* _EXERCISE_:
The required output is the lines below from the line containing "Richmond kettles heritage" to the line containing "MAĐARSKA Ader ponovno", inclusive, retyped exactly. No other lines belong in it.

* _EXTRACTED MATERIAL_:
►

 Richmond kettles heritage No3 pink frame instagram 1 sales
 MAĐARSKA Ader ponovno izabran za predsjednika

◄
►

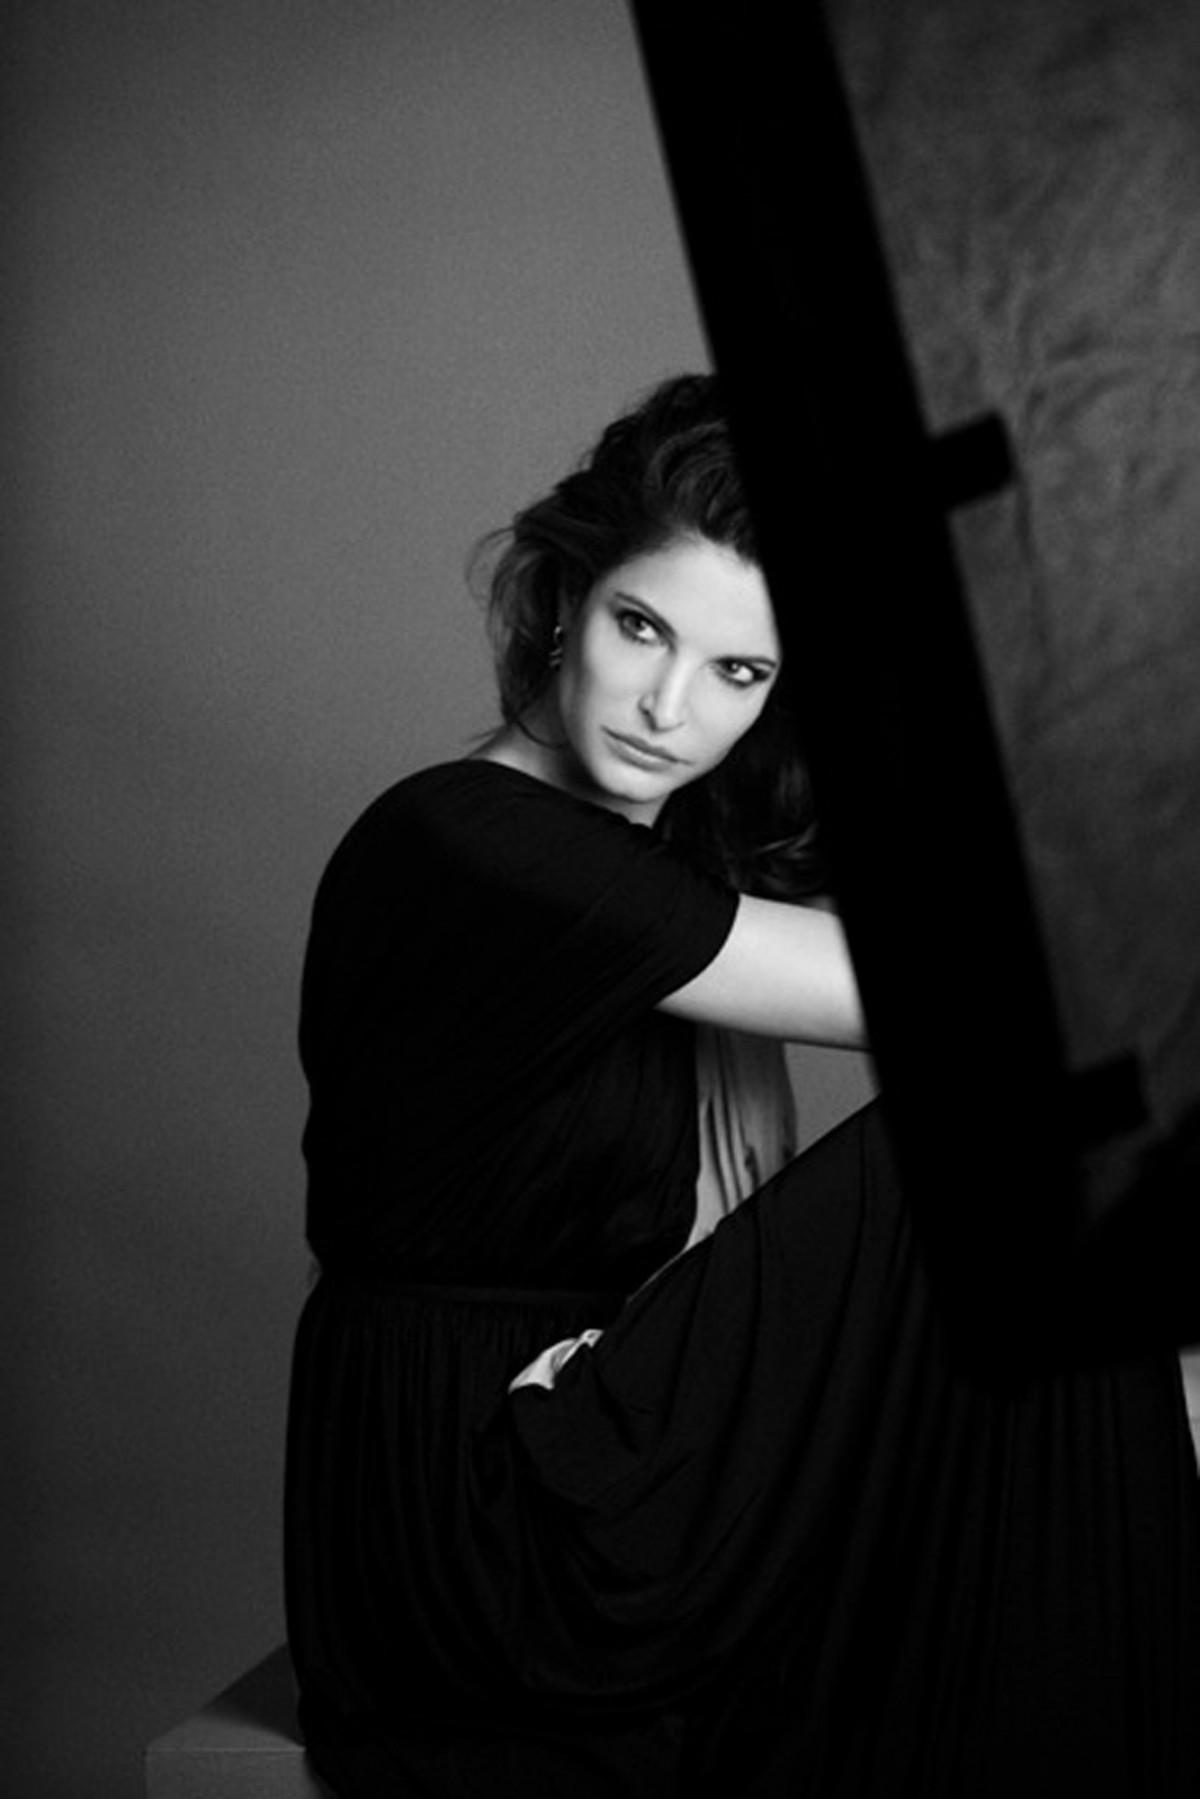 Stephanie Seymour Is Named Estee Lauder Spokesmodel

◄
►

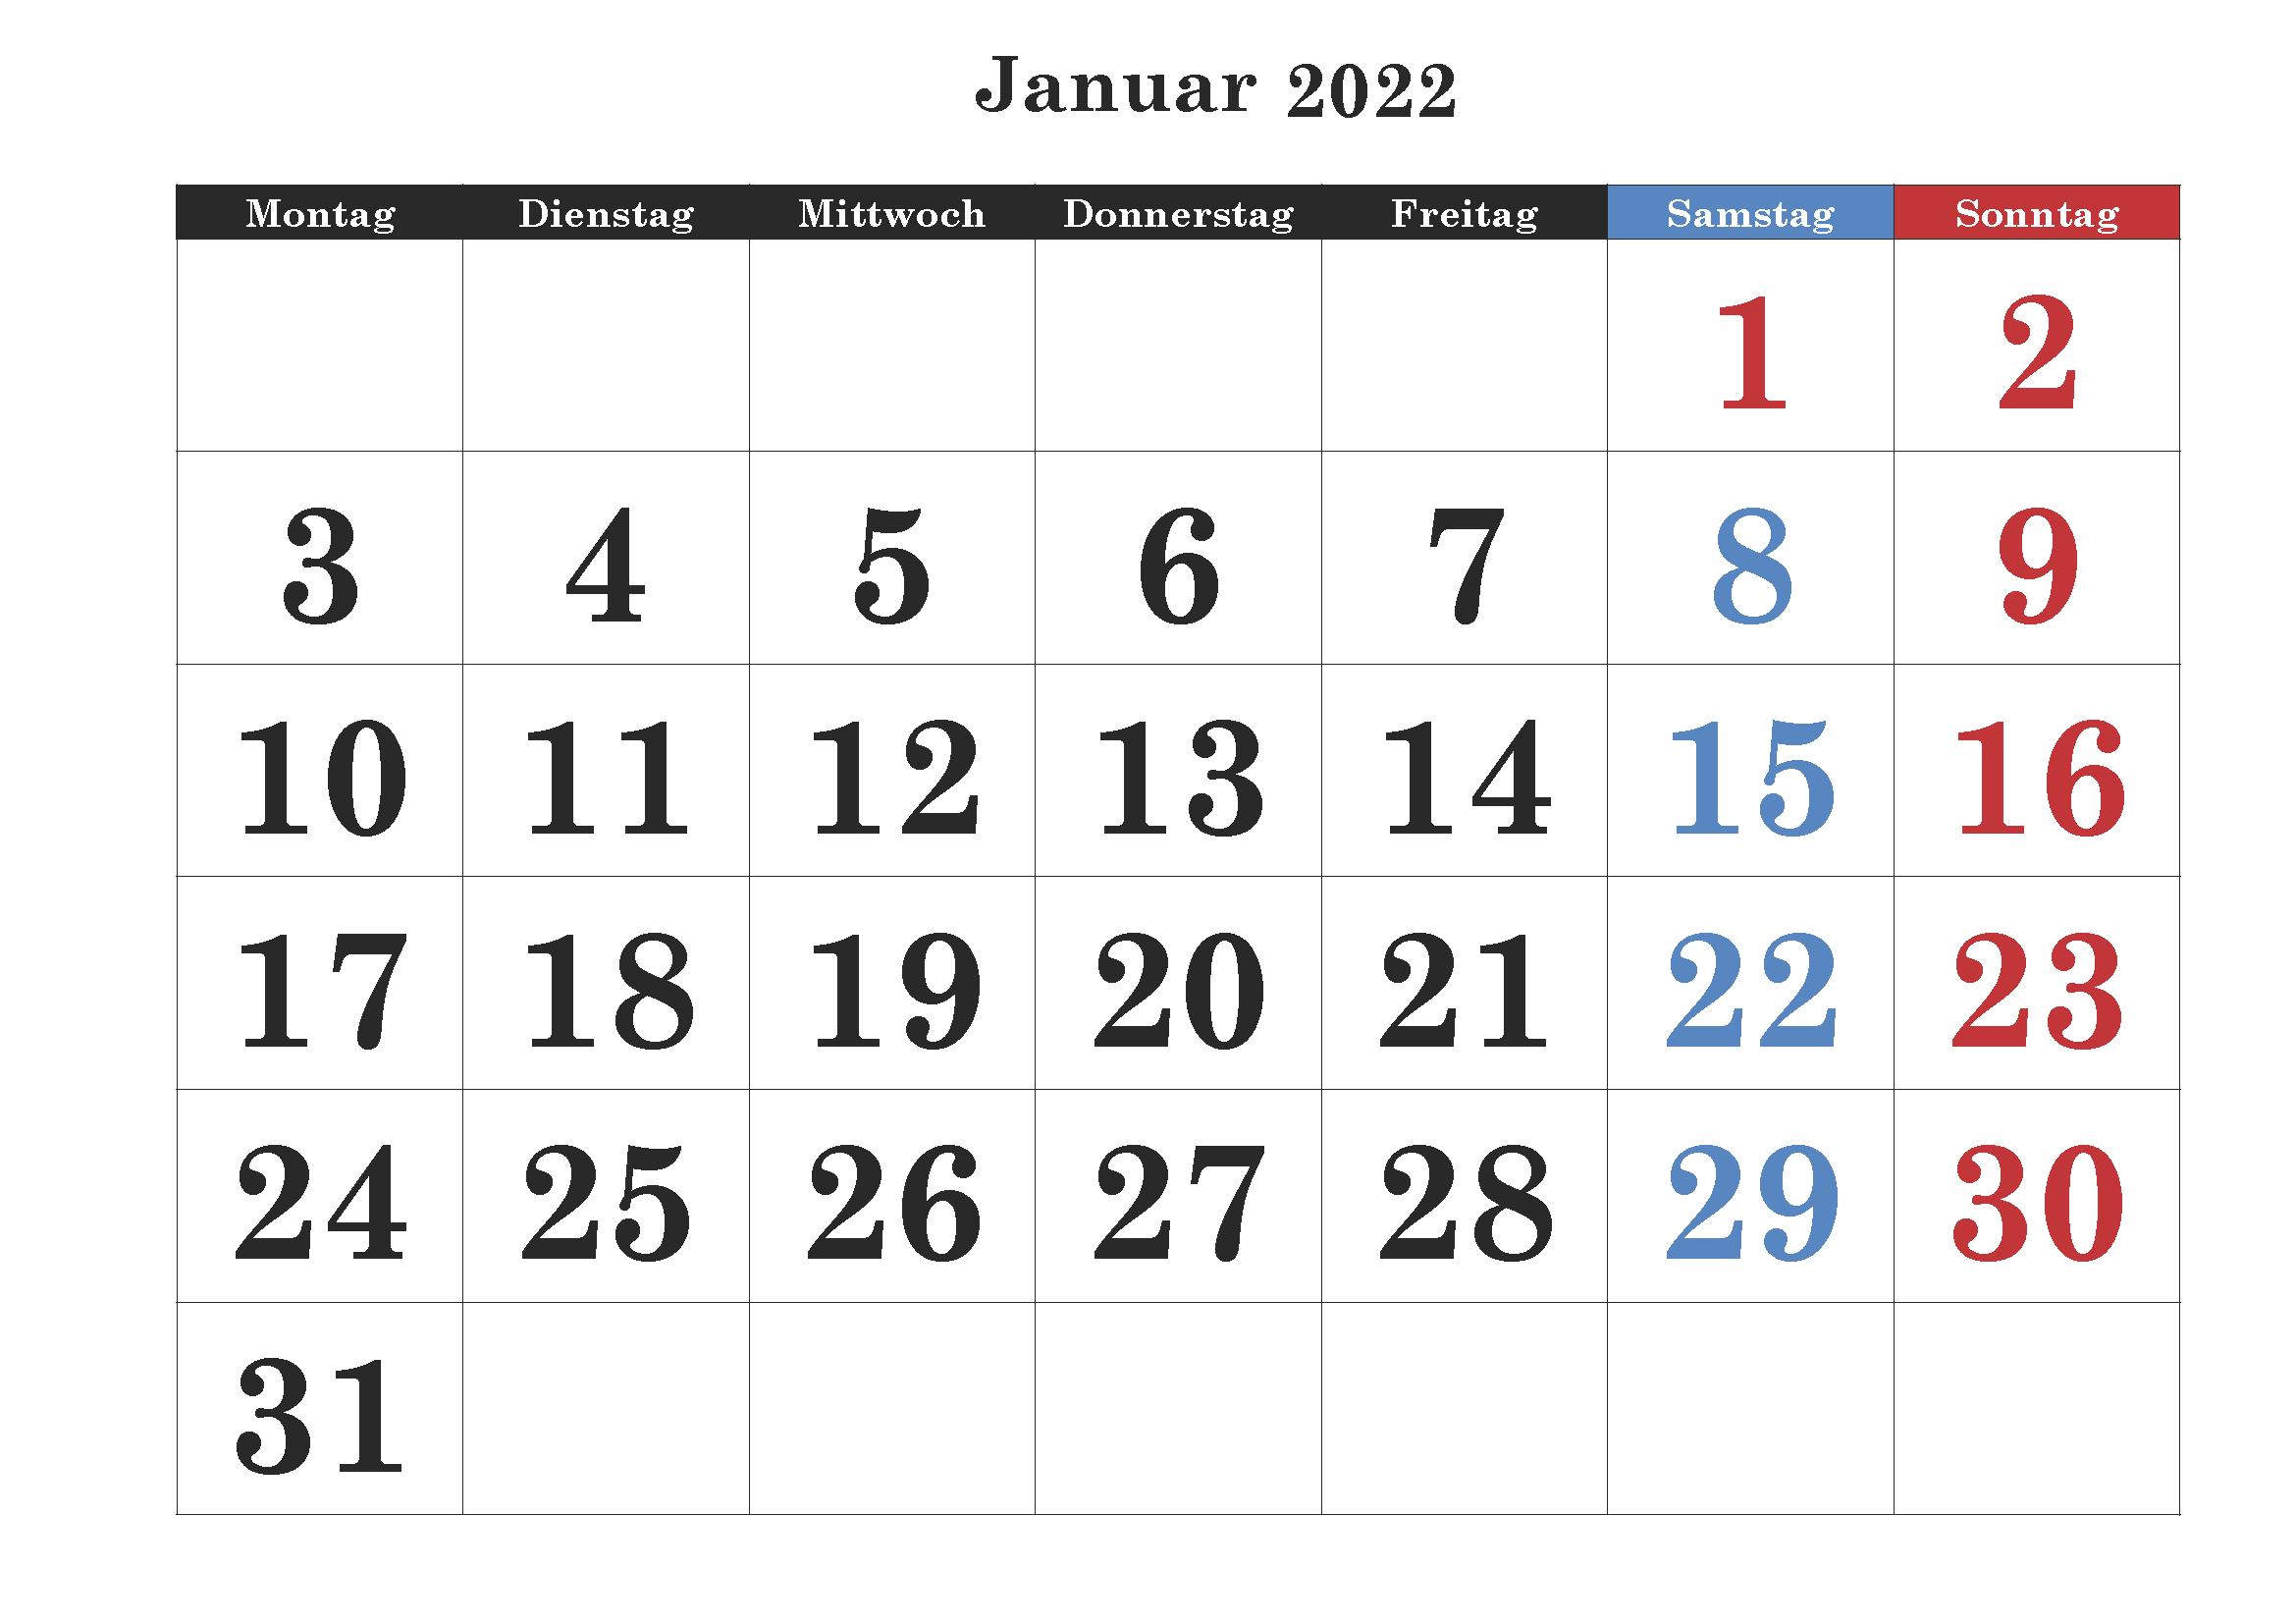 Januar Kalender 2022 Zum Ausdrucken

◄

* _TASK OUTPUT_:
 Richmond kettles heritage No3 pink frame instagram 1 sales
 MAĐARSKA Ader ponovno izabran za predsjednika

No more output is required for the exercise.